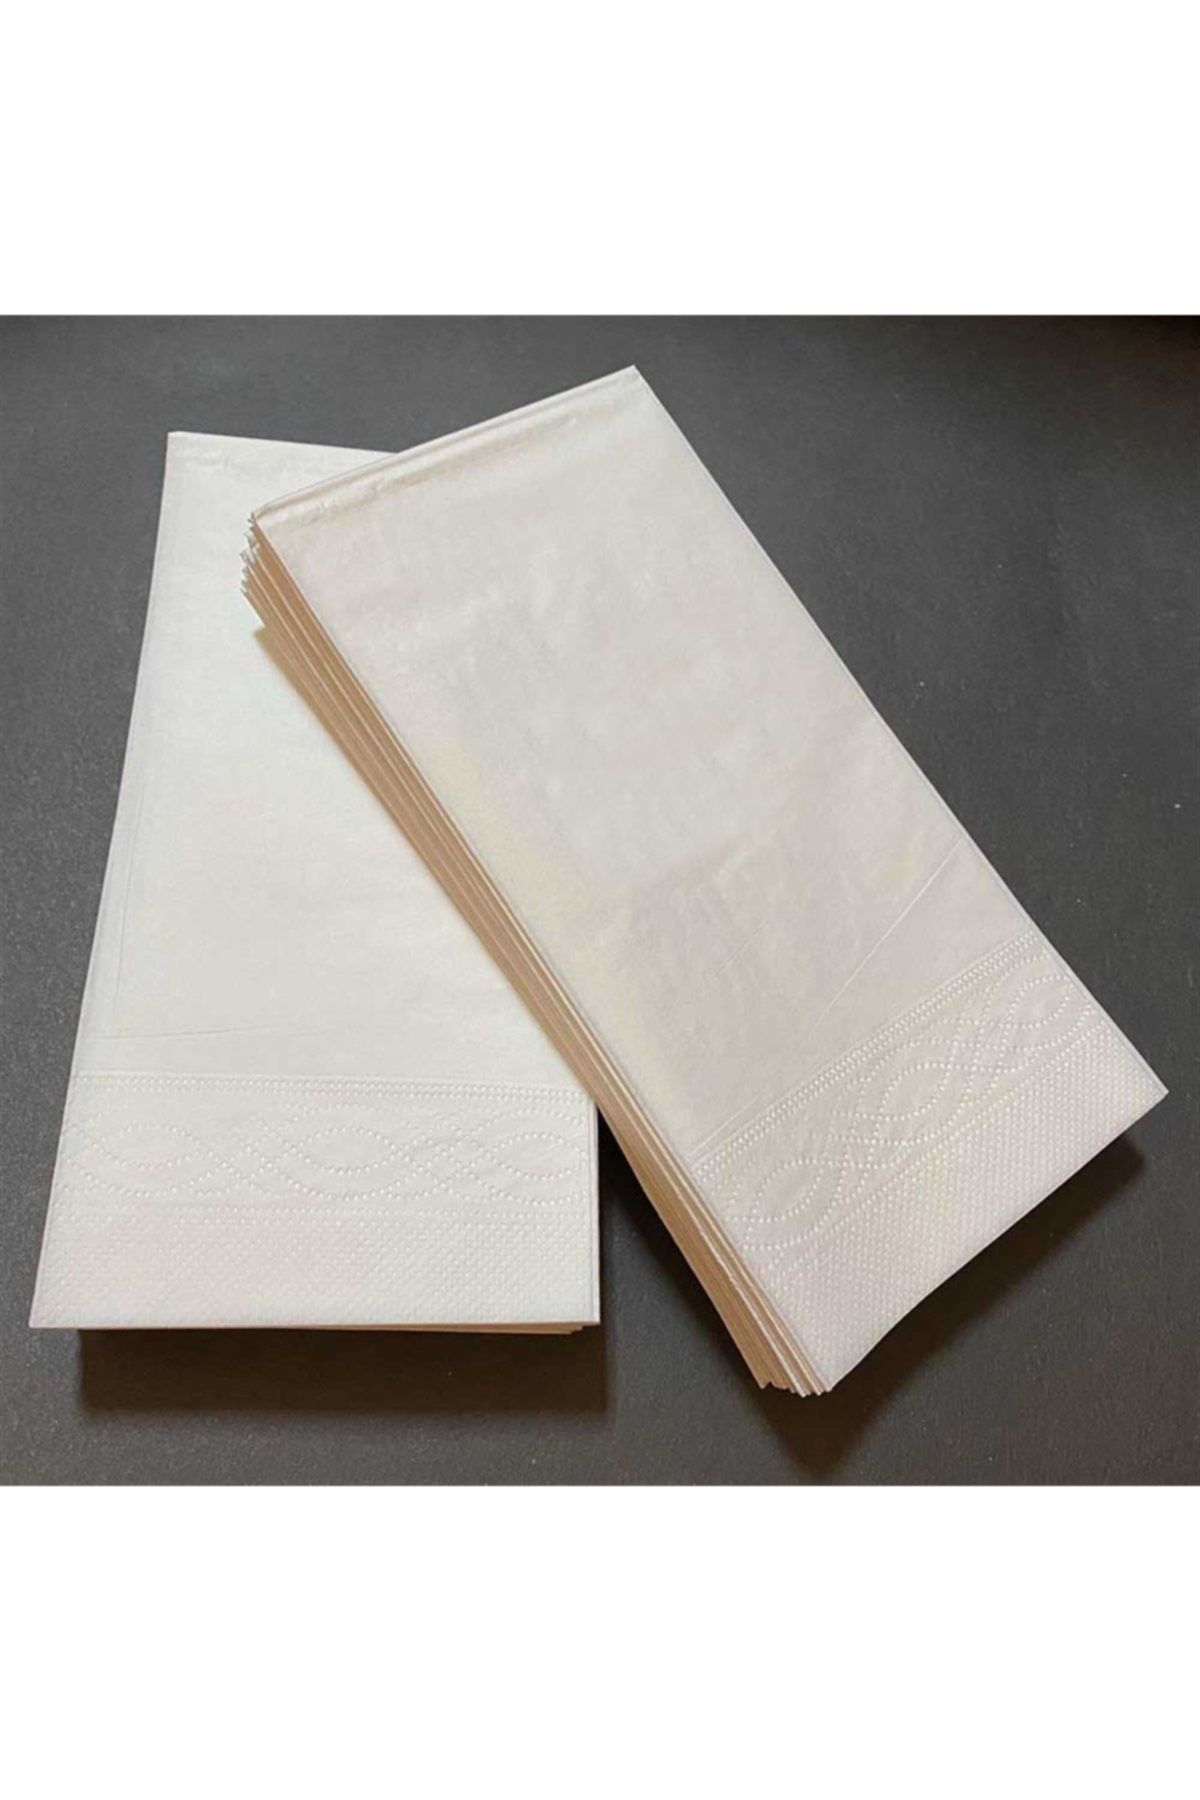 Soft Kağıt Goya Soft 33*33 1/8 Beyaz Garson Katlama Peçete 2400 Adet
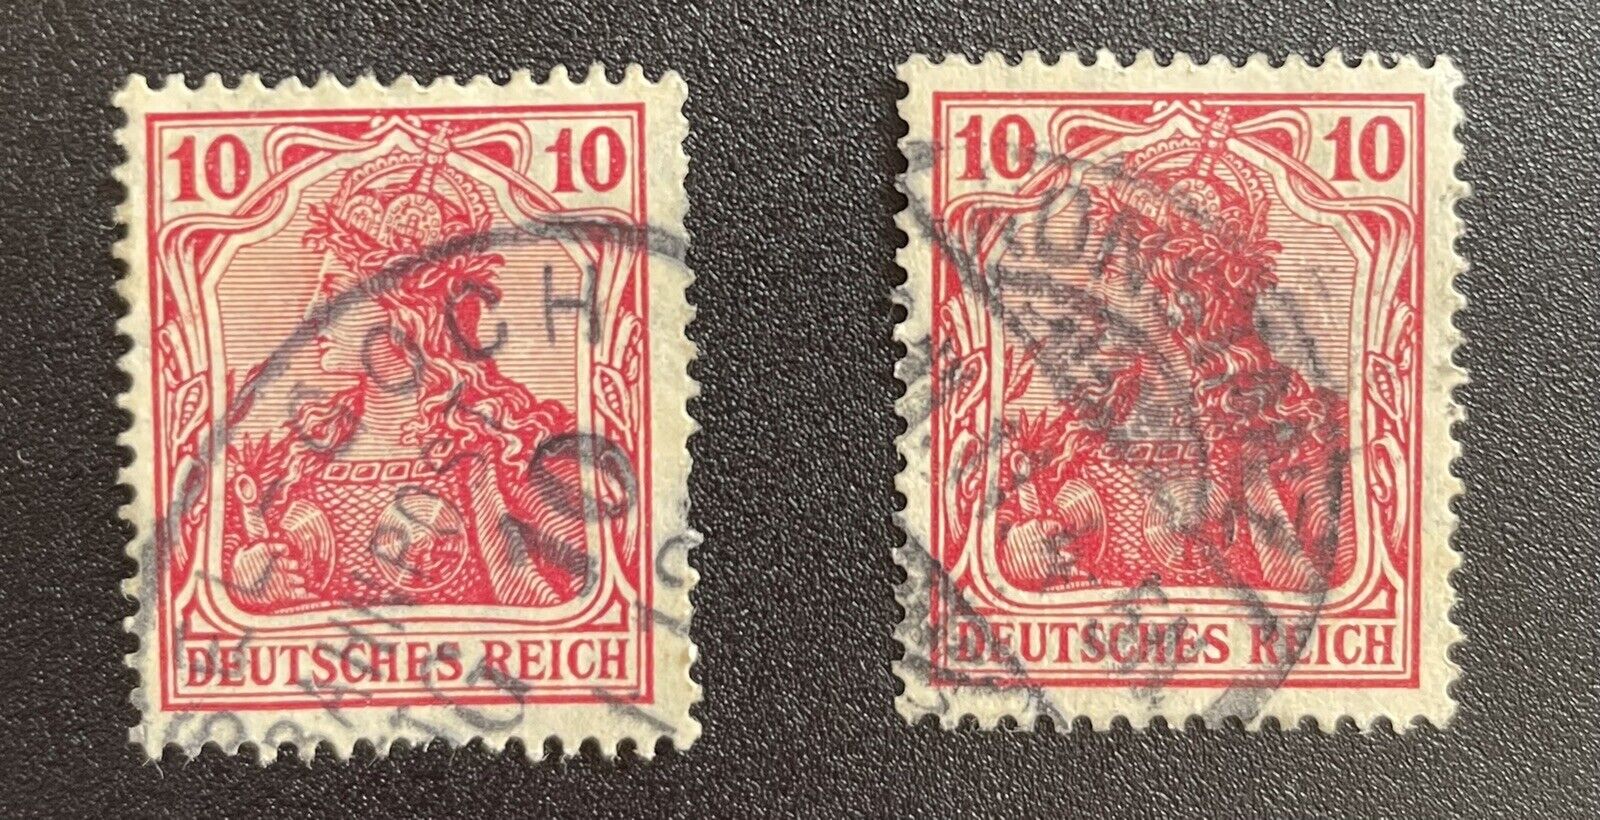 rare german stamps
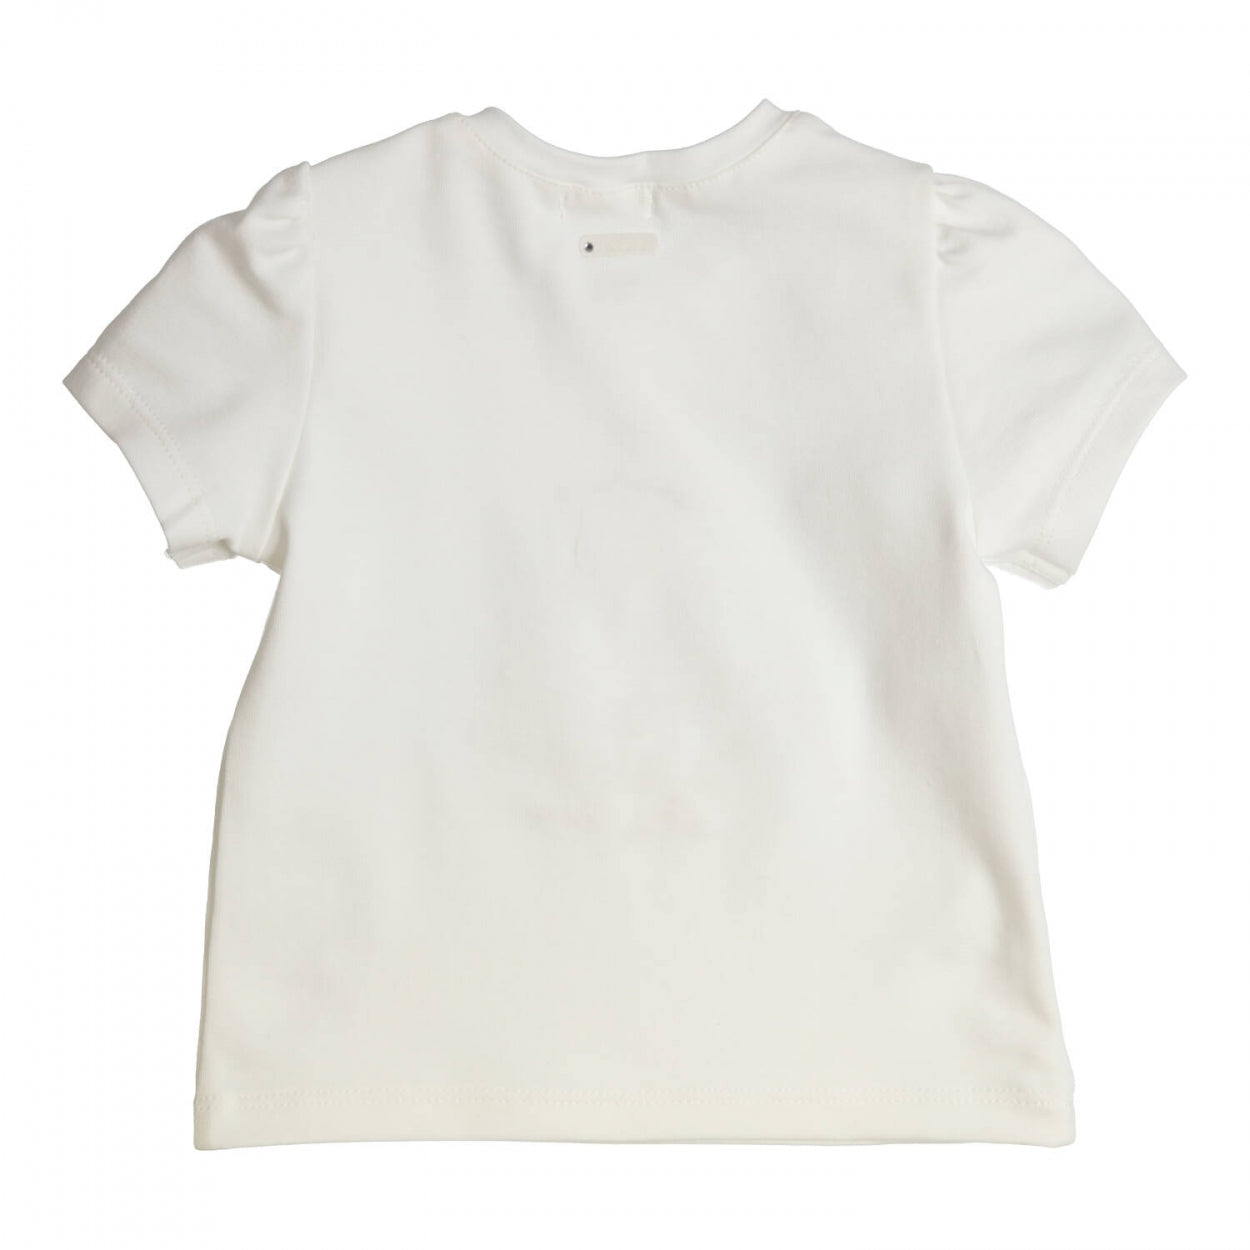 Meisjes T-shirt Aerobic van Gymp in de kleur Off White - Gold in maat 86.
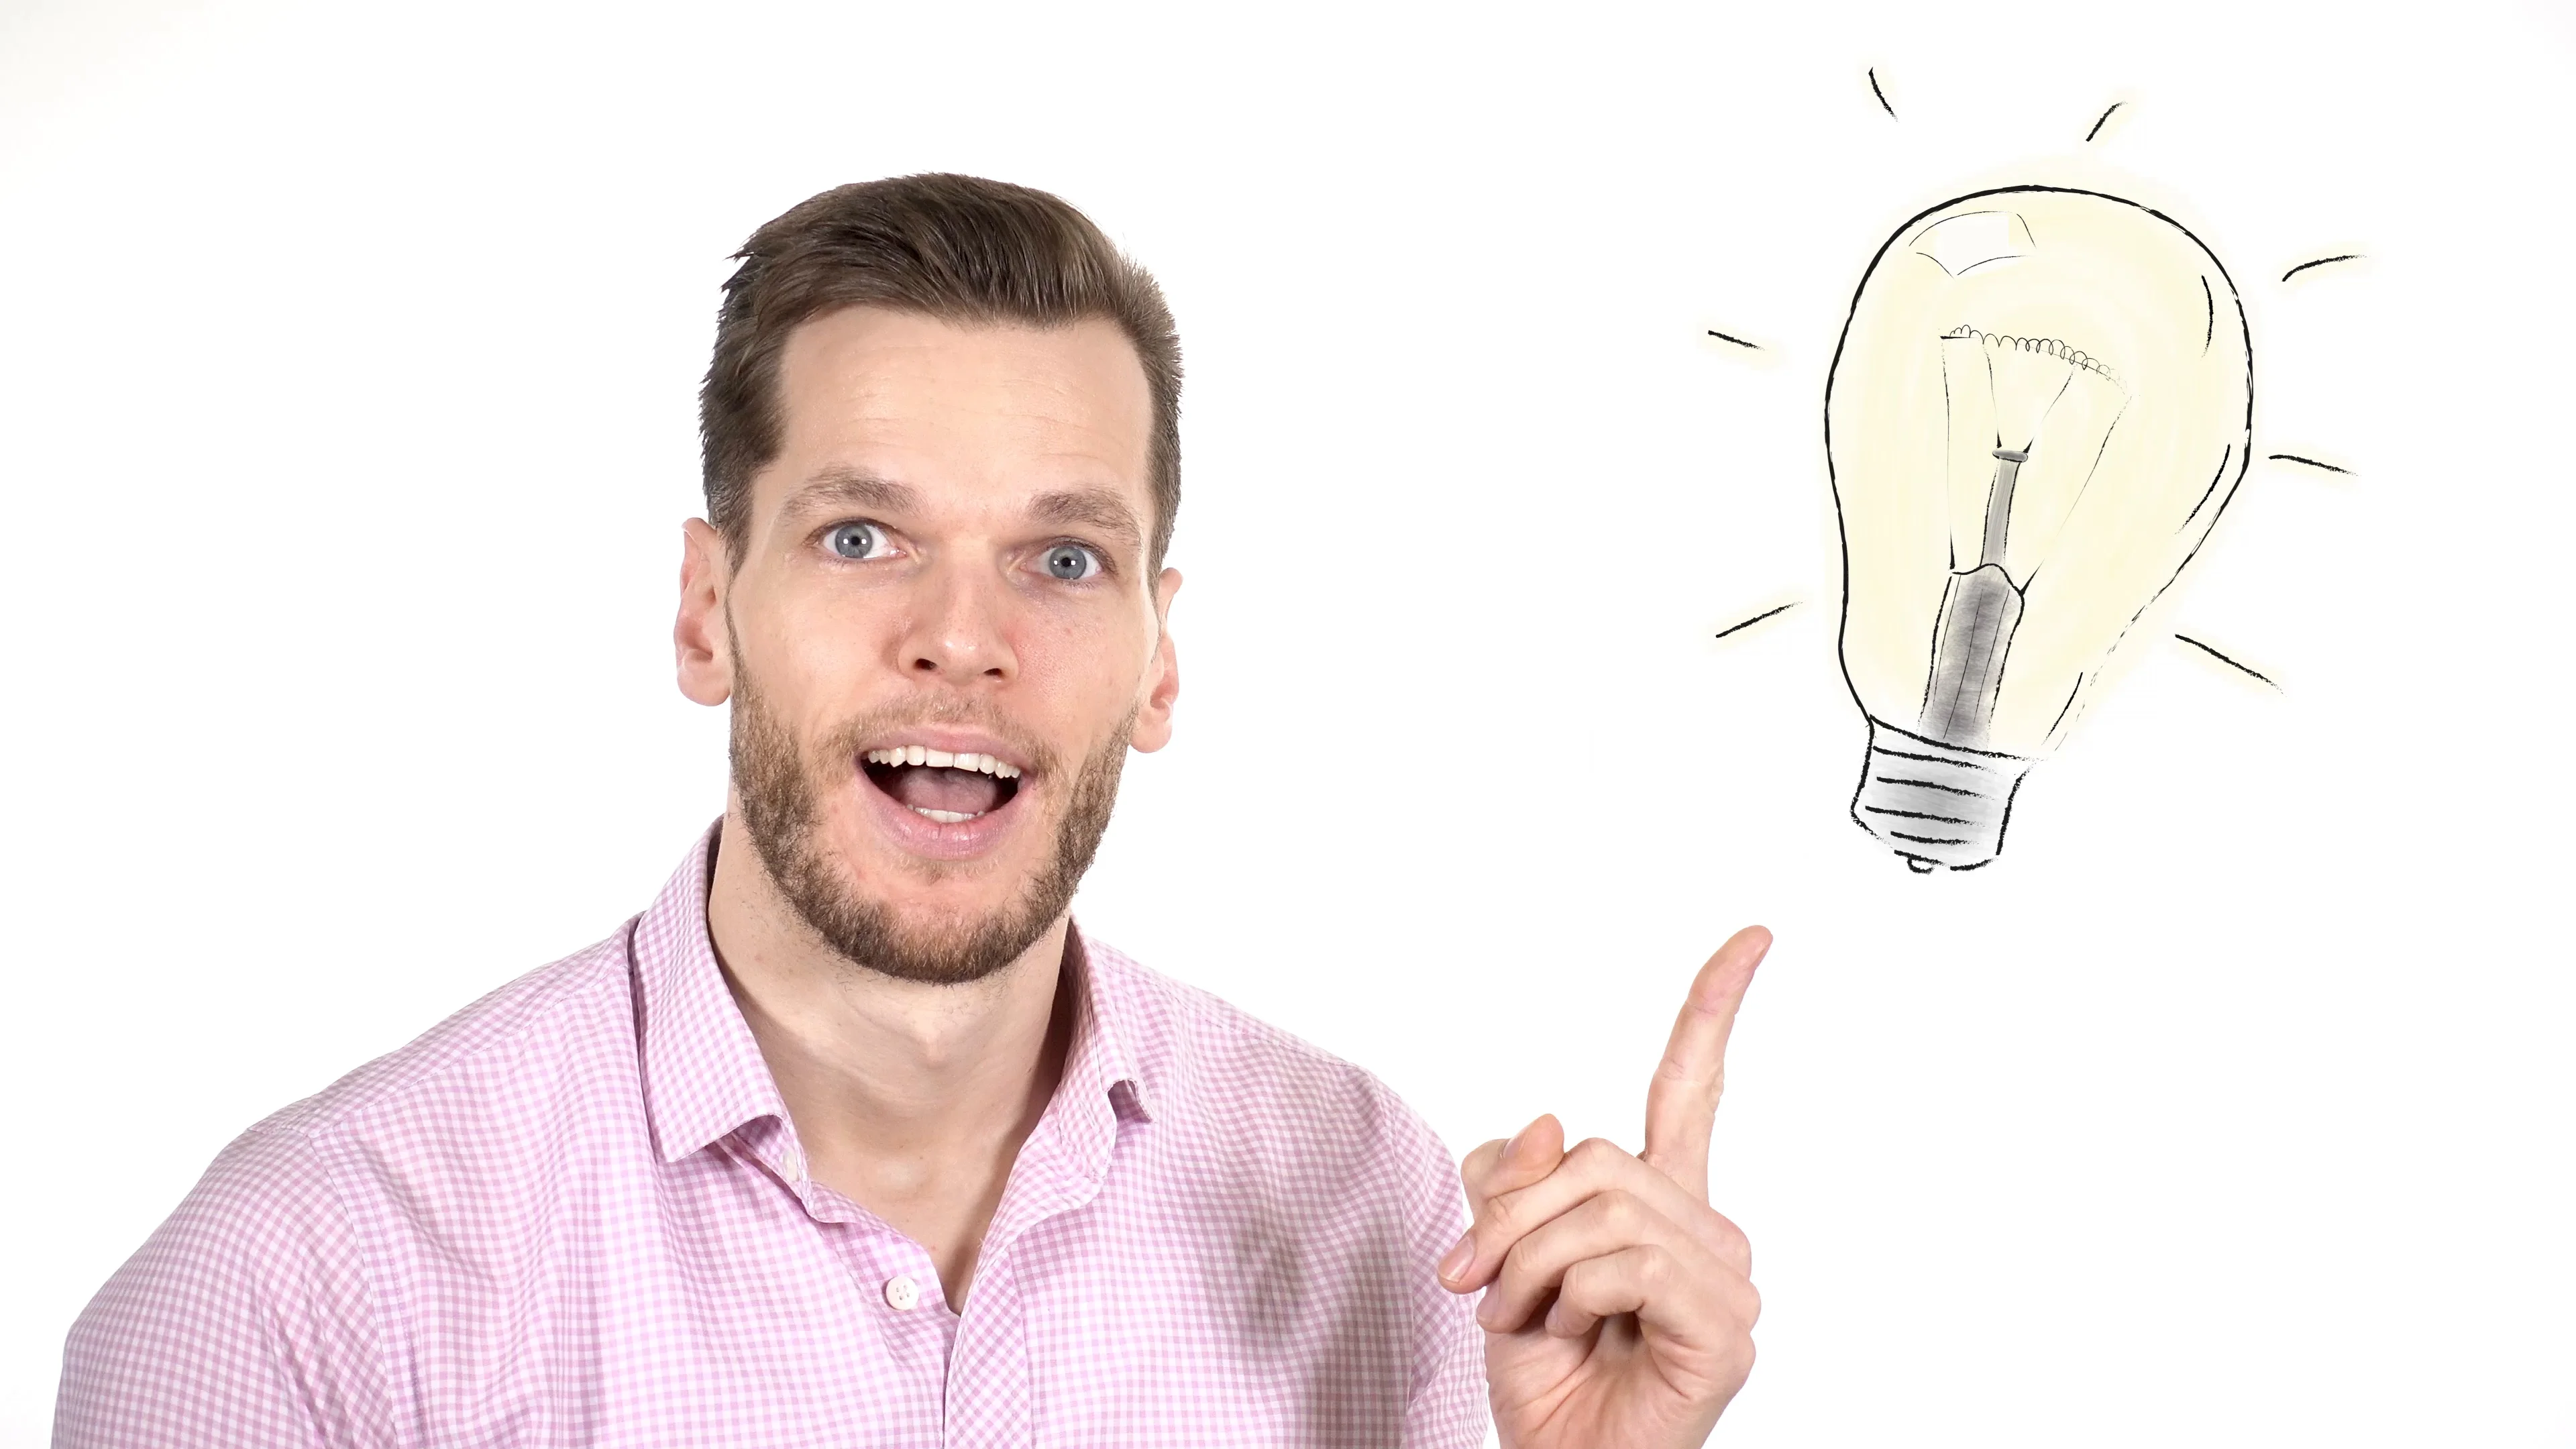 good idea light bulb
****************
### EXERCISE INSTRUCTIONS
Copy each line above exactly, with no images.

### RESULT FOR THIS TASK
 Soft Kağıt Goya Soft 33*33 1/8 Beyaz Garson Katlama Peçete 2400 Adet
 rare german stamps
 Meisjes T-shirt Aerobic van Gymp in de kleur Off White - Gold in maat 86.
 good idea light bulb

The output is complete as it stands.